THATTA: Sindh Chief Minister Syed Murad Ali Shah has complained that the federal government has not taken the provincial government into confidence over the Sukkur-Multan highway and other projects being executed under the China-Pakistan Eco­nomic Corri­dor (CPEC).

He had recently written a letter to federal ministers Ishaq Dar and Ahsan Iqbal, asking them to keep the Sindh government on board over the execution of main CPEC projects but the Centre usually avoided bringing the province in the loop, said the chief minister.

He was speaking to journalists at Jilani House in Makli on Thursday afternoon where he had arrived to offer his condolences on the death of spiritual leader of Jamaat Qadri Jilani, Pir Ghulam Jilani.

The chief minister said the huge funds being spent on CPEC projects were taken from the exchequer of the province. His government would, therefore, raise its voice at all available forums and keep protesting if the federal government refused to change its attitude, he said.

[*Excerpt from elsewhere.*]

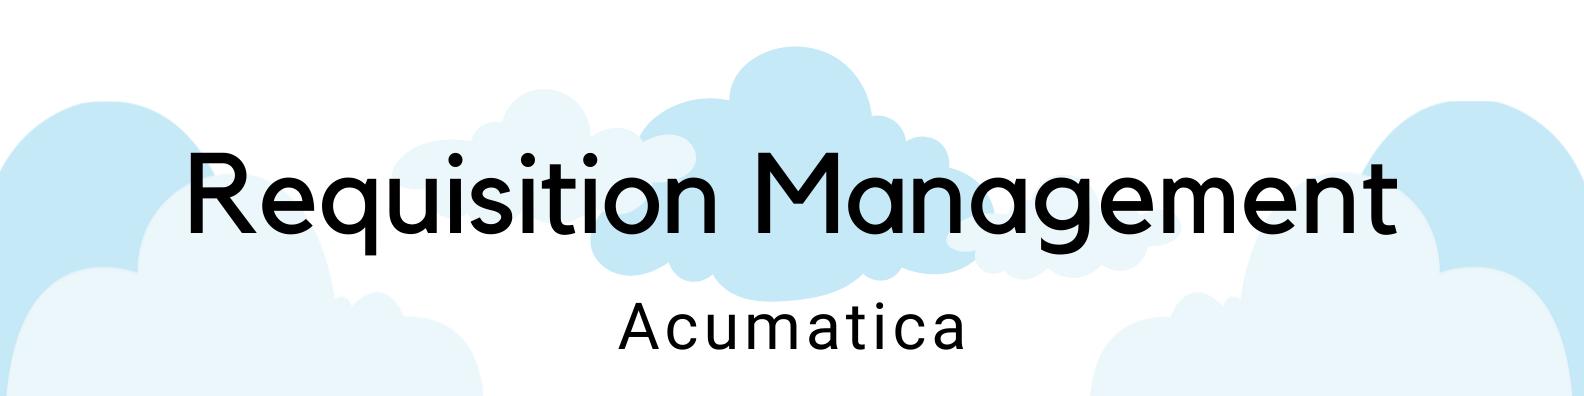 ICAN Acumatica Requisition Management header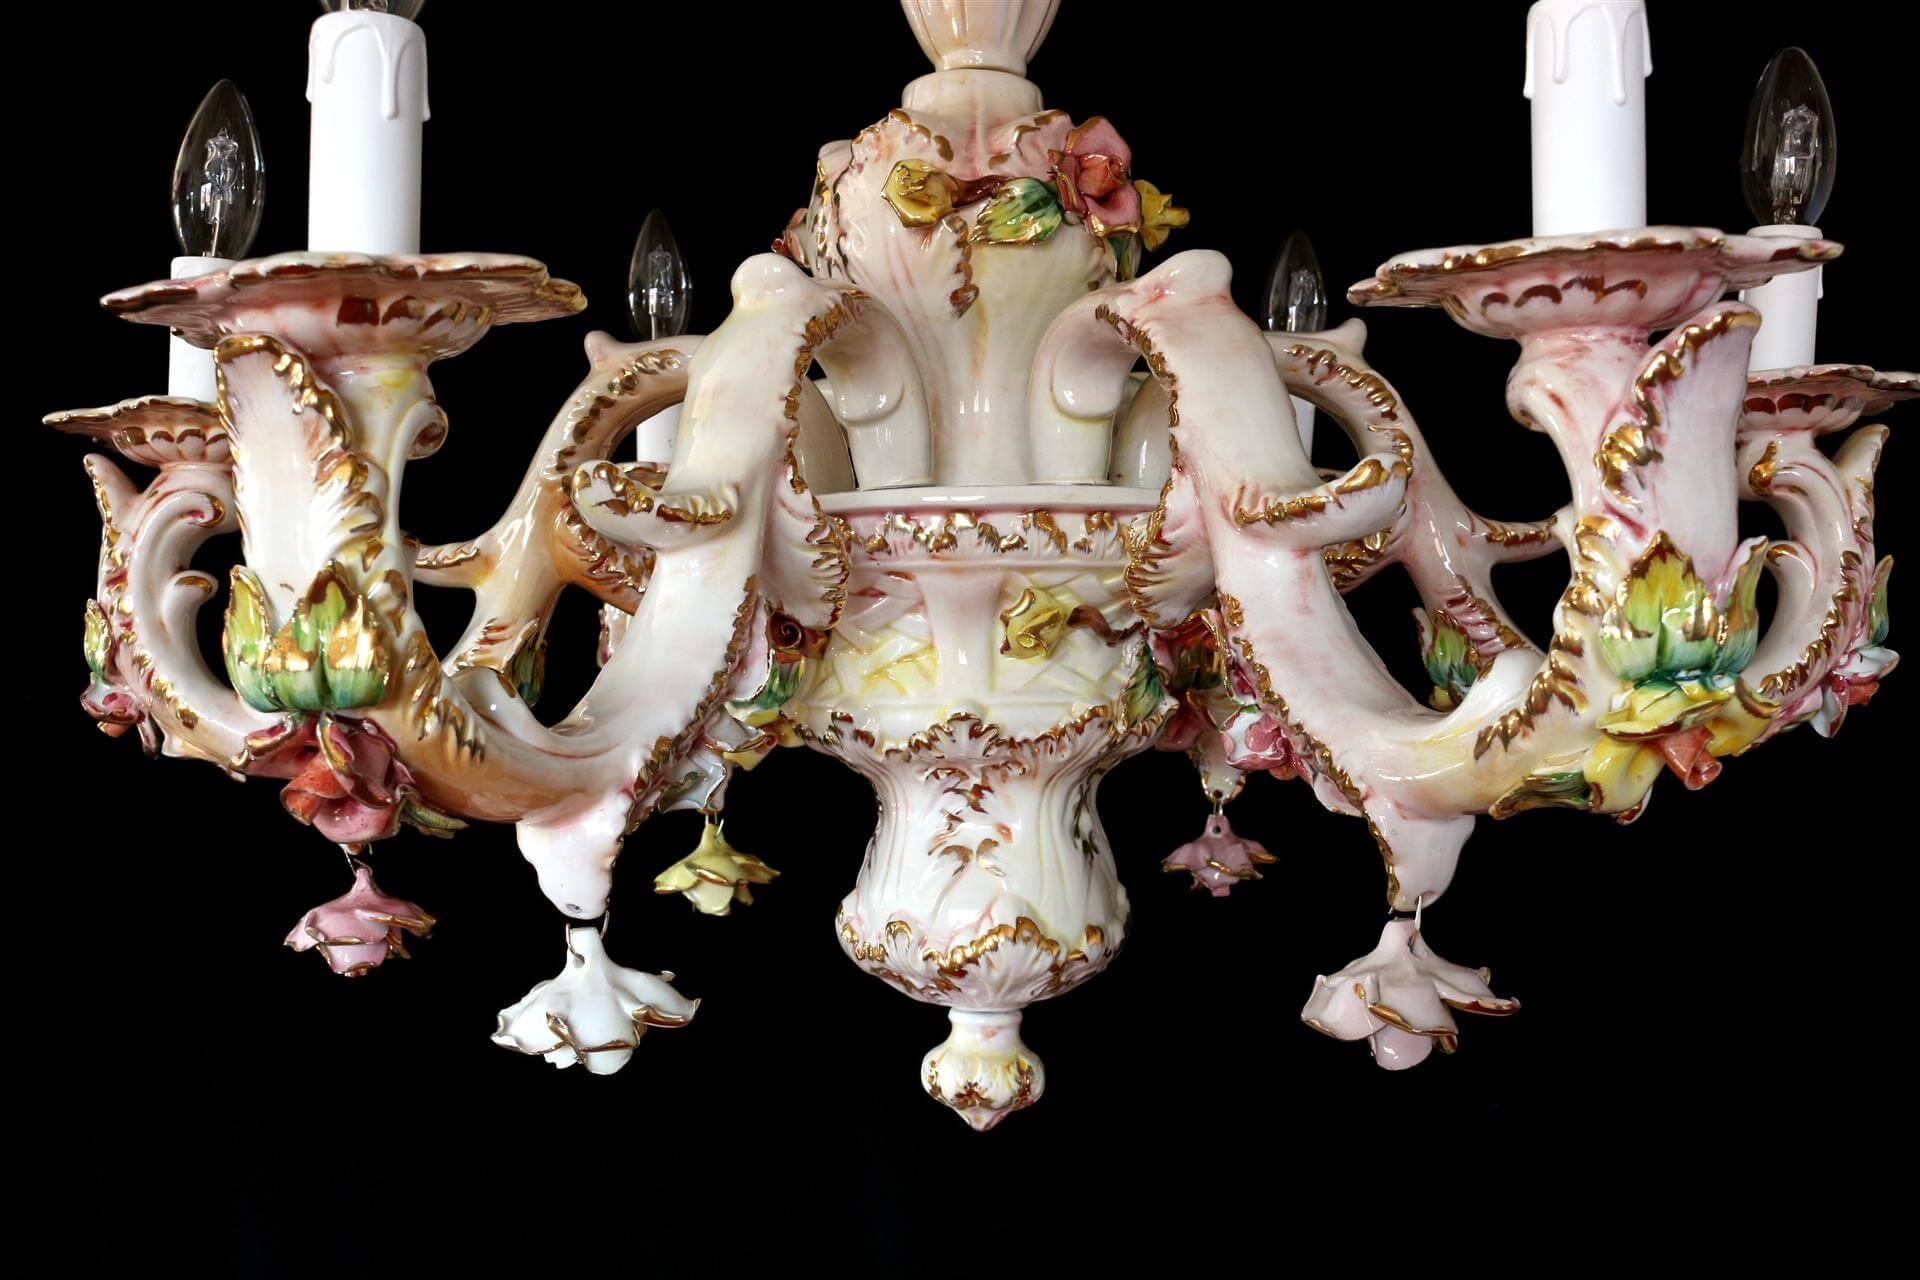 Lampadario Ceramica Di Bassano.Lampadario Ceramica Di Bassano Lando Lampadario In Biscotto Di

He said the Sindh government had given priority to the execution of CPEC projects and launched three gigantic wind mill projects in Thatta and Jamshoro districts and power generation projects at Thar coal block II. Consultants had also started work on Keti Bandar port project, he said.

Mr Shah said the federal government had continued to show step-motherly attitude towards Sindh over the sensitive issues of just distribution of irrigation water and funds divisible under the National Finance Commission Award. The step-motherly attitude was evident from frequent and prolonged power loadshedding and failure to release water to Sindh for Kharif season, he said.

He dismissed the federal government’s claim about production of excess electricity as baseless and said it either wanted to befool the masses or deliberately create problems for Sindh.

He said the federal government had released Rs68 billion less than the amount it had announced for Sindh’s development schemes while the province had not yet received even the Rs108bn the federal government had to pay Sindh till the end of the current month.

It was not the federal government’s money but of the public of Sindh and he would, therefore, get this amount at all costs, he said.

The chief minister said the recent Sindh budget was completely tax-free and he had already proved rivals’ claims false who had been clamouring all along that the provincial government would impose new taxes.

Praising services of late Pir Ghulam Jilani in the field of literature and spirituality, he said late Jilani was a religious scholar and an intellectual par excellence as well as writer of more than 40 books on literature, religion and poetry.

Earlier, a large number of people including disciples of late Jilani, former and current parliamentarians as well as socio-political activists from across the province attended funeral rites at Jilani House.

The chief minister was accompanied by provincial ministers Nasir Shah, Imdad Pitafi, Fayaz Bhurt and former MNA Dr Wahid Soomro, Imtiaz Qureshi, Mohammad Ali Malkani, Sadiq Memon and other PPP leaders.